Dr Kathryn Taylor-Barnes examines how and why inflammation occurs, while offering advice on how to manage it best for your patients
The skin’s primary role is to protect our body. This protection is a barrier to temperature changes and external trauma, as well as being essential in maintaining homeostatic hydration.1 Our skin is on the ‘front line’ and is a vital component in maintaining body harmony with the outside world. Inflammation is a physical condition that can occur on the skin as a result of both lifestyle choices and aesthetic procedures, which can be irritating and painful to a patient. As such, this article will aim to share advice on how inflammation can be managed successfully with various treatments.

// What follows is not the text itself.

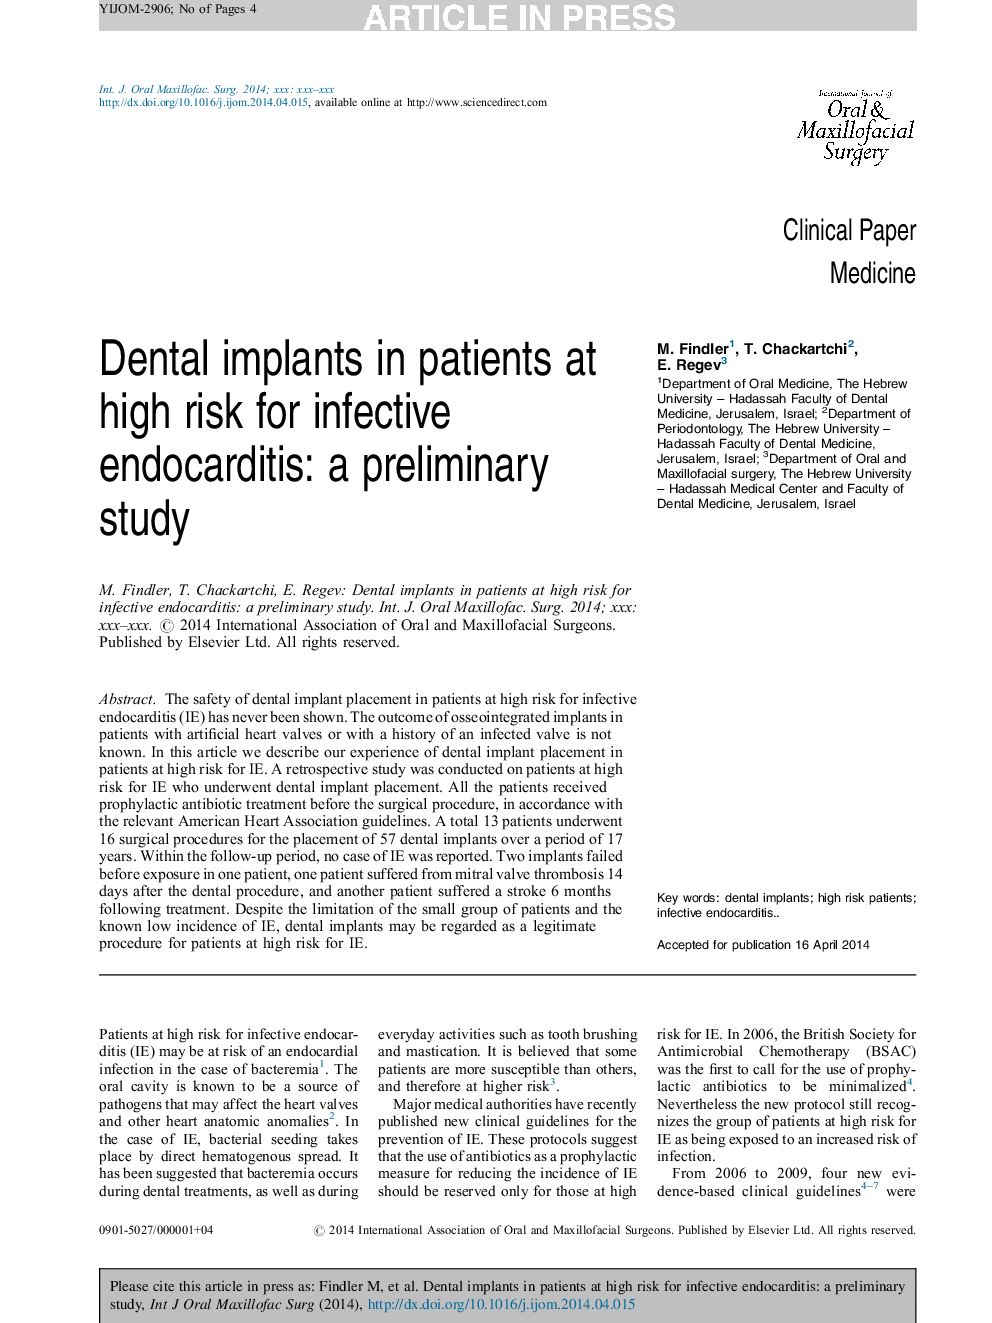 ایمپلنت های دندانی در بیماران مبتلا به اندوکاردیت عفونی بالا: یک مطالعه اولیه 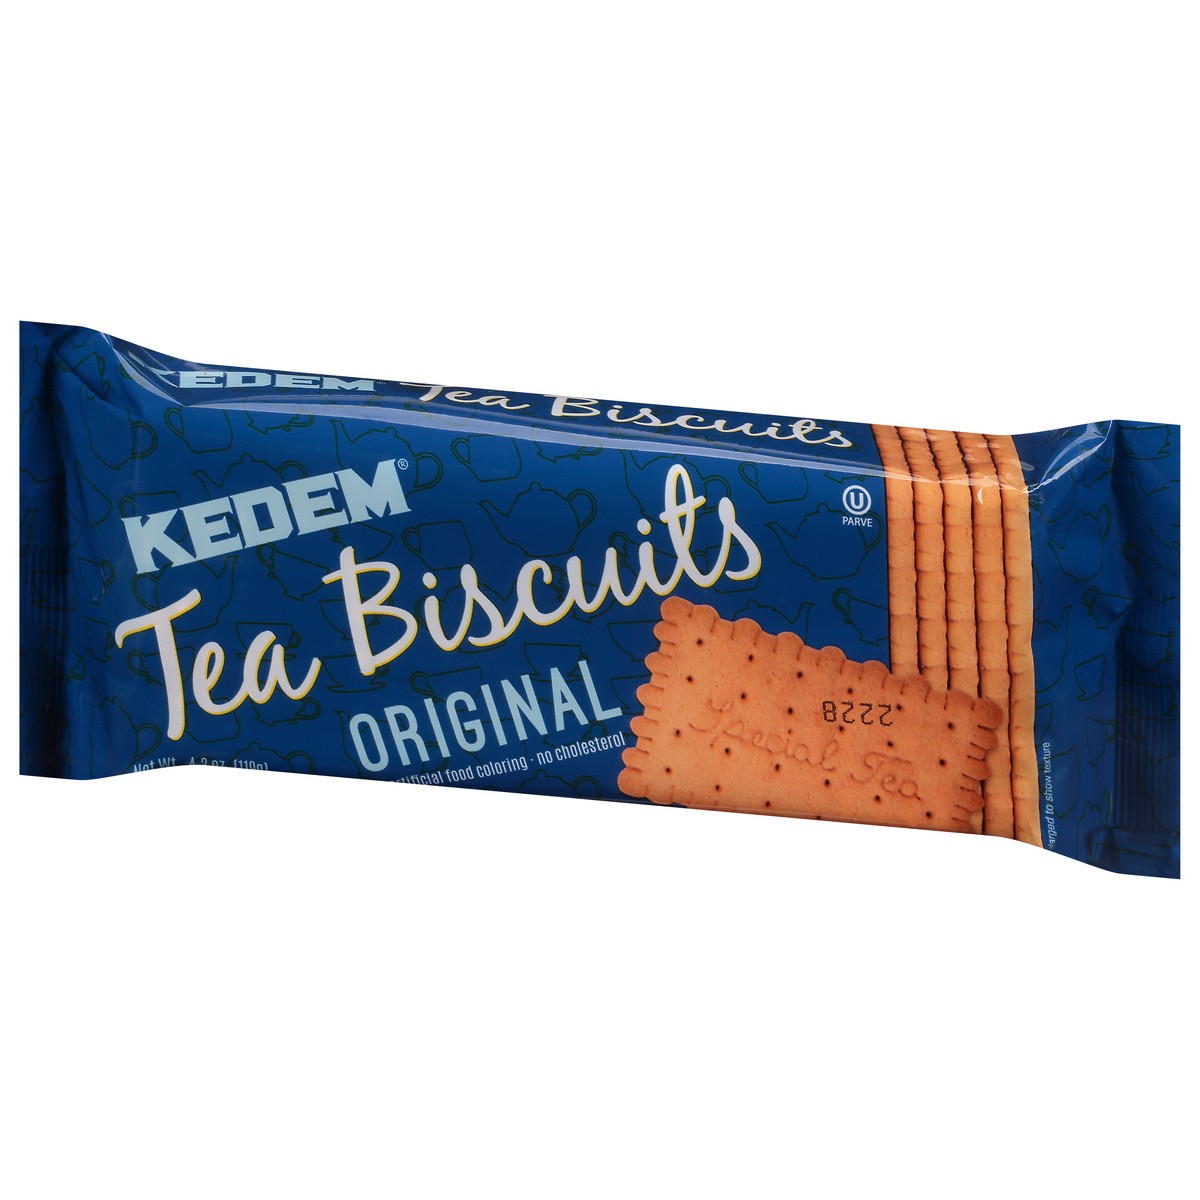 slide 3 of 9, Kedem Original Tea Biscuits 4.2 oz, 4.2 oz

When we neglect our health and lead a poor lifestyle, our skin can deteriorate significantly. For instance, acne is made worse by eating junk food and poor or inappropriate skincare efforts.2 Eczema and psoriasis need external emollients and good levels of fluid consumption to avoid the skin drying out, which can lead to flare- ups. In each of these conditions, flare-ups can appear as ‘islands’ of inflammation on the skin. As we already know, sun exposure causes ageing and damage to the skin; solar damage generates dangerous free radicals, which can also cause skin irritation and ignite inflammation. As such, advising patients on the importance of a healthy, balanced diet, staying hydrated and protecting their skin from the sun can certainly play a role in reducing inflammation. In addition, antioxidants, both ingested (polyphenols in green tea)3 and topical (vitaminC),4 as well as physical and chemicals unprotection barriers, are key to opposing solar damage.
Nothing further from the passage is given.